Work instructions
Print the whole listing below exactly as given, pictures excluded.

** Opening Raw data block **

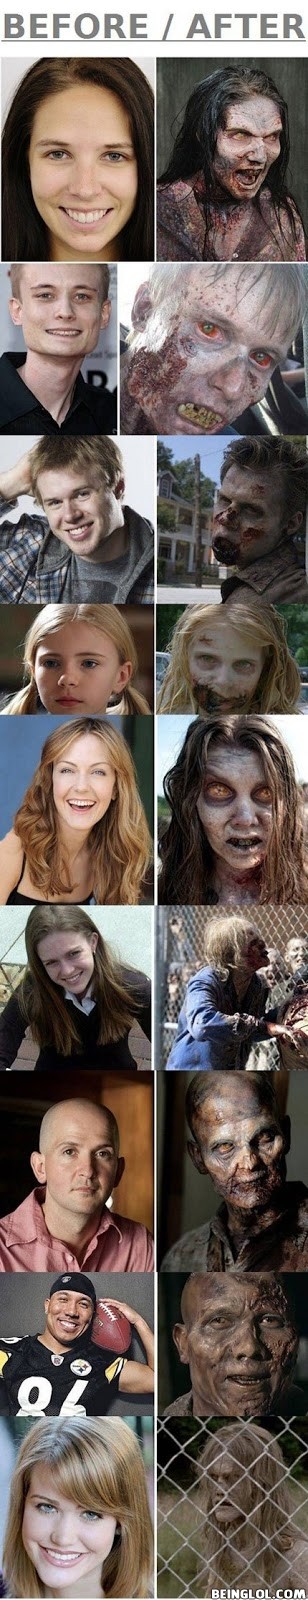 Top 10 Make-Up of the Walking Dead’s Zombies
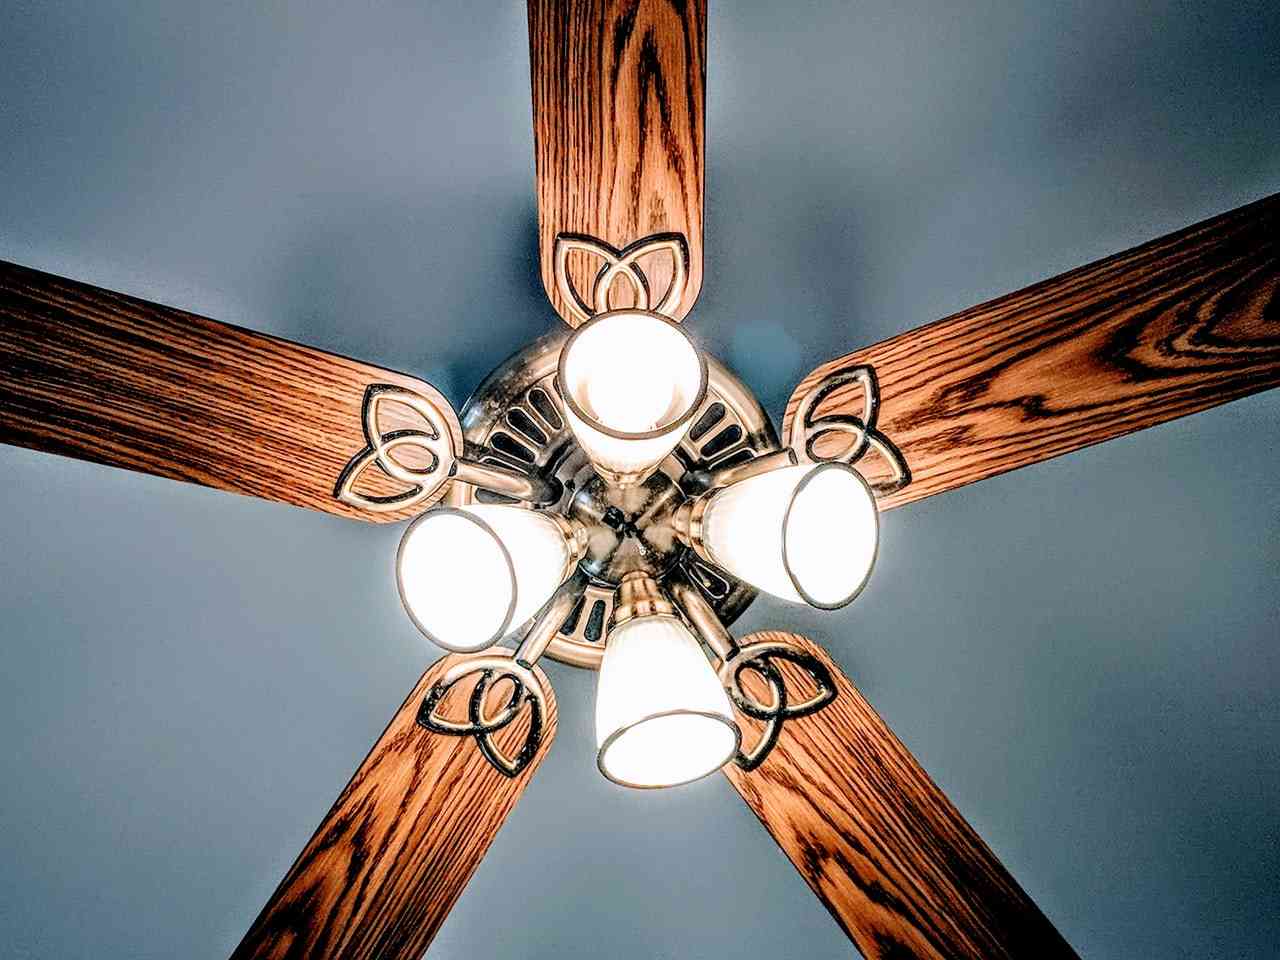 Identifying the common issues with ceiling fans
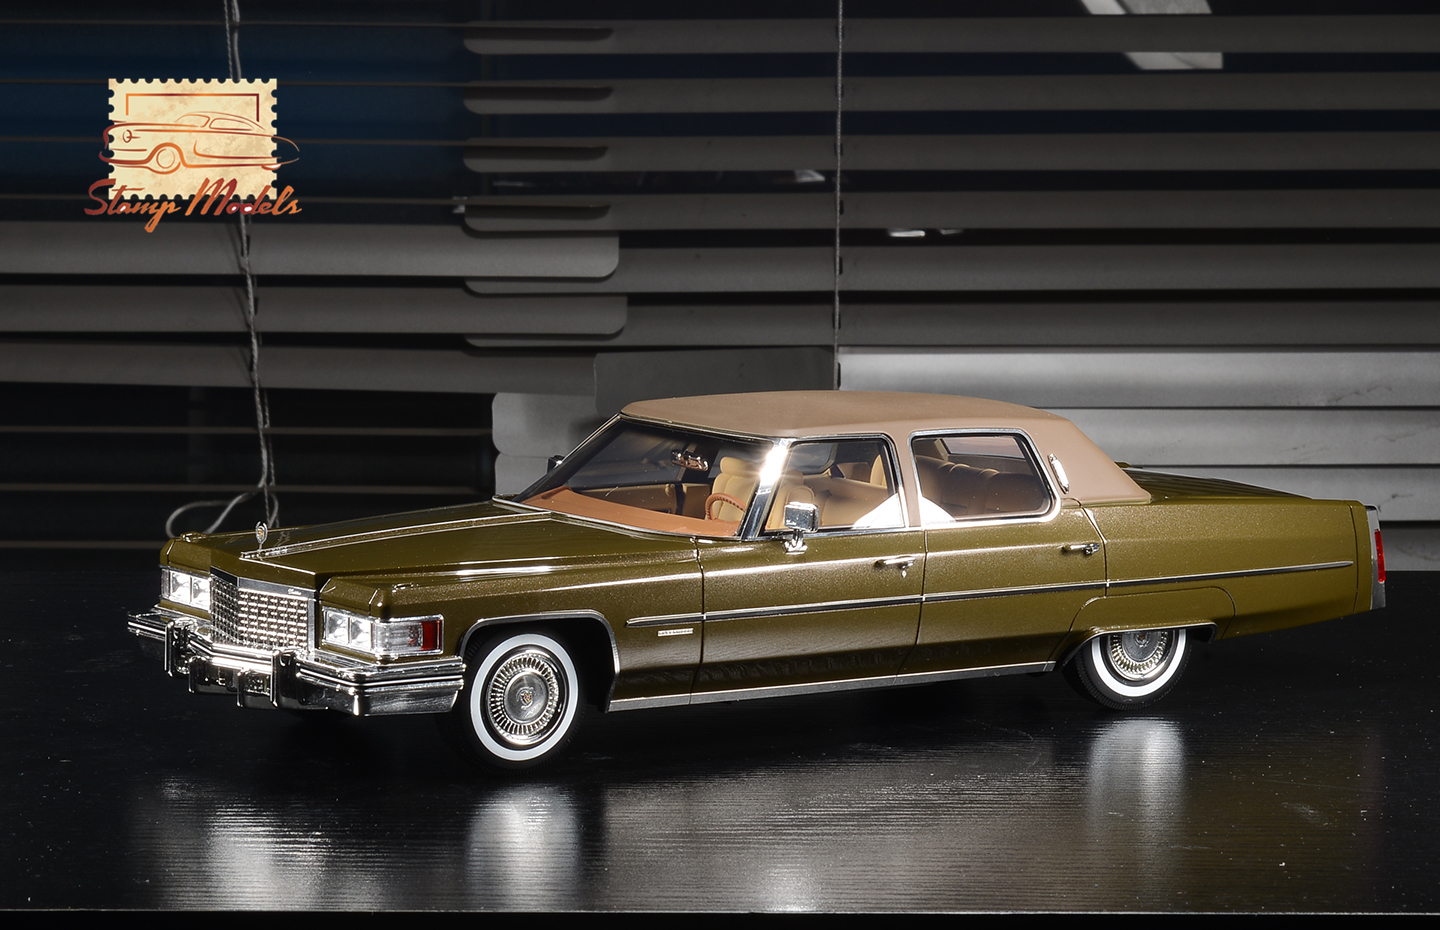 STM1976202 1976 Cadillac Fleetwood Sixty Special Brougham 1/18 Scale

** Closing Raw data block **

Answer to the problem
 Top 10 Make-Up of the Walking Dead’s Zombies
 Identifying the common issues with ceiling fans
 STM1976202 1976 Cadillac Fleetwood Sixty Special Brougham 1/18 Scale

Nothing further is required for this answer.